Packages like PkgTemplates.jl or PkgSkeleton.jl provide easy ways to setup documentation, tests, and continuous integration.

My pull request was not approved for automatic merging, what do I do?

It is recommended that you fix the release to conform to the guidelines and then retrigger Registrator on the branch/commit that includes the fix.

If you for some reason can't (or won't) adhere to the guidelines you will have to wait for a human to review/merge the pull request. You can contact a human in the #pkg-registration channel in the official Julia Slack to expedite this process.

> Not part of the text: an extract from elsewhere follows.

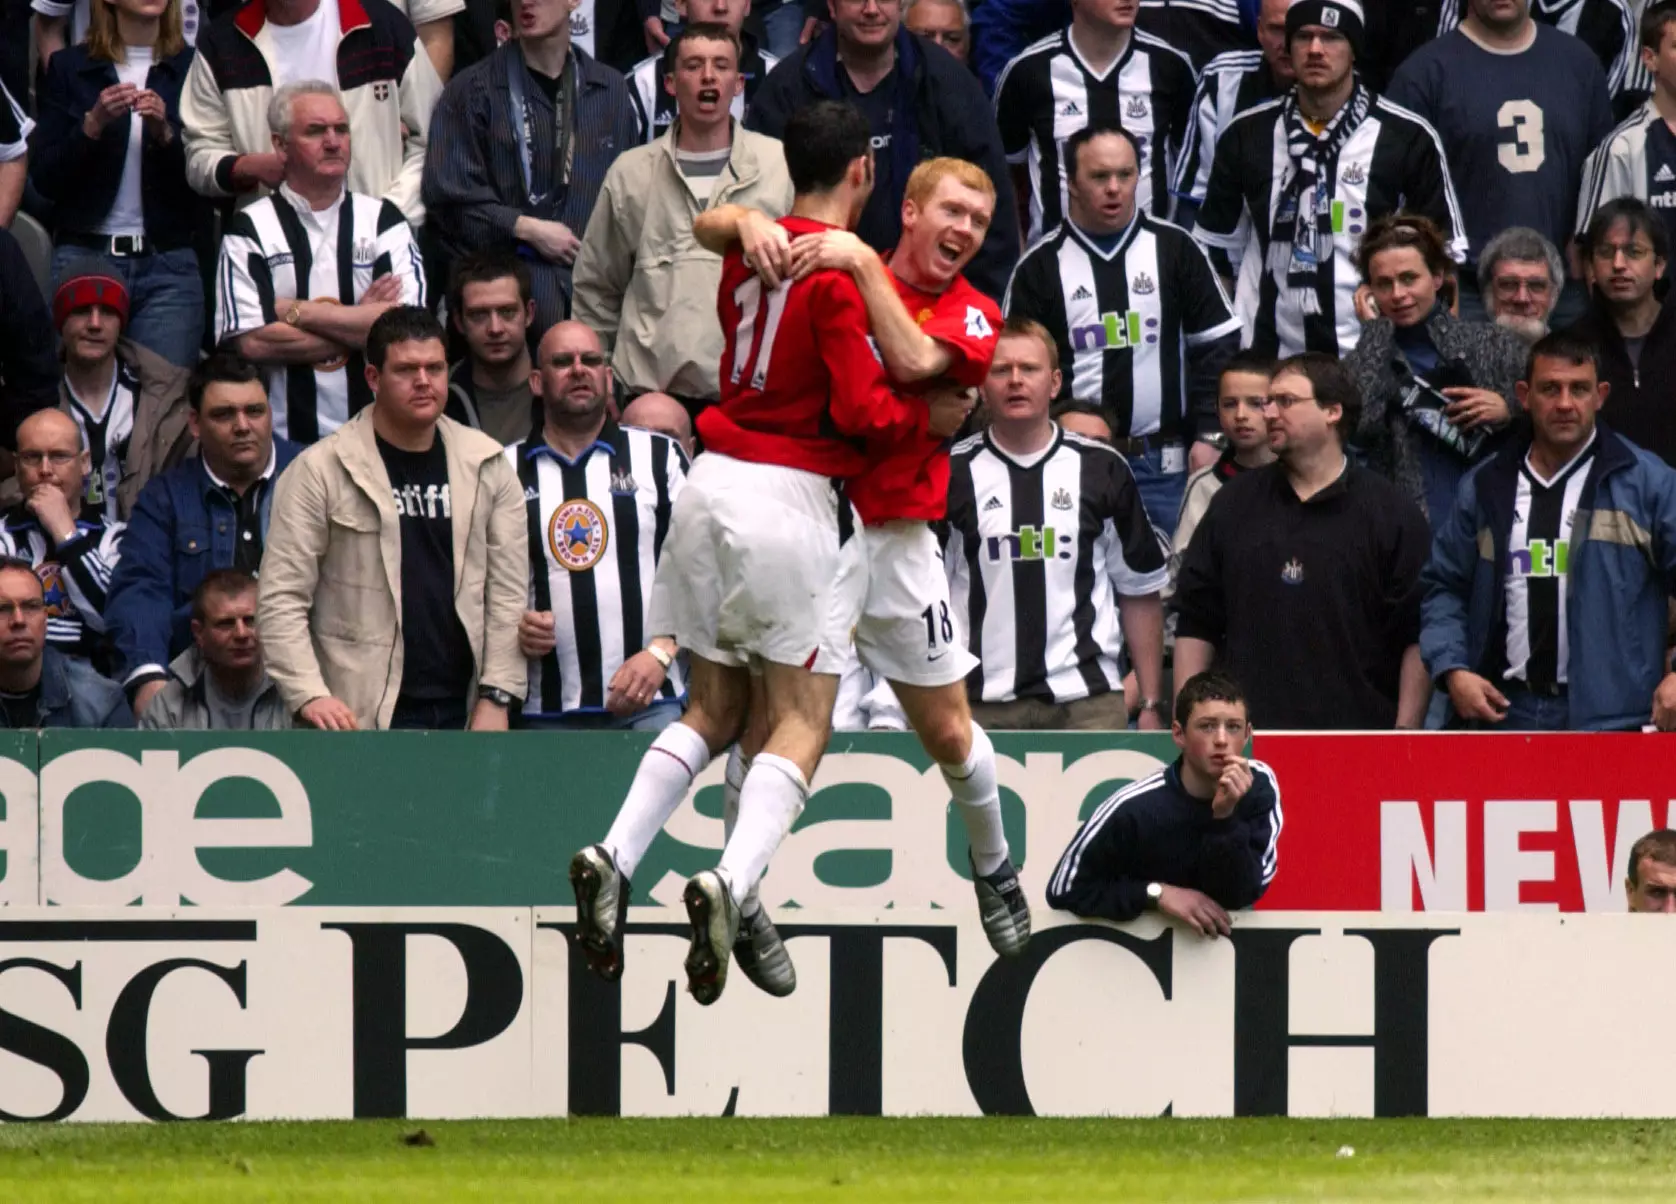 Scholes and Giggs celebrate scoring a goal. Image: PA

My package fails to load because it needs proprietary software/additional setup to work, what can I do?

Before merging a pull request, AutoMerge will check that your package can be installed and loaded. It is OK for your package to not be fully functional, but making it at least load successfully would streamline registration, as it does not require manual intervention from the registry maintainers. This would also let other packages depend on it, and use its functionalities only when the proprietary software is available in the system, as done for example by the CUDA.jl package. If you are not able or willing to make your package always loadable without the proprietary dependency (which is the preferred solution), you can check if the environment variable JULIA_REGISTRYCI_AUTOMERGE is equal to true and make your package loadable during AutoMerge at least, so that it can be registered without manual intervention. Examples of packages with proprietary software that use the environment variable check include Gurobi.jl and CPLEX.jl.

My pull request has a merge conflict, what do I do?

Retrigger Registrator.

How do I retrigger Registrator in order to update my pull request?

Do what you did when you triggered Registrator the first time.

AutoMerge is blocked by one of my comments, how do I unblock it?

Simply edit [noblock] into all your comments. AutoMerge periodically checks each PR, and if there are no blocking comments when it checks (i.e. all comments have [noblock] present), it will continue to merge (assuming of course that all of its other checks have passed).

Are there any requirements for package names in the General registry?

There are no hard requirements, but it is highly recommended to follow the package naming guidelines.

What to do when asked to reconsider/update the package name?

If someone comments on the name of your package when you first release it it is often because it does not follow the naming guidelines. If you think that your package should not follow those conventions for some reason or another, just explain why. Otherwise, it is often a good idea to just rename the package -- it is more disruptive to do so after it is already registered, and sticking to the conventions makes it easier for users to navigate Julia's many varied packages.

As long as the package is not yet registered, renaming the package from OldName.jl to NewName.jl is reasonably straightforward:

  • Rename the GitHub repository to NewName.jl
  • Rename the file src/OldName.jl to src/NewName.jl
  • Rename the top-level module to NewName
  • Update tests, documentation, etc, to reference the new name
  • Once you are done renaming the package, retrigger registration. This will make a new pull request to General. It is helpful to comment in the old pull request that it can be closed, linking to the new one.

How do I rename an existing registered package?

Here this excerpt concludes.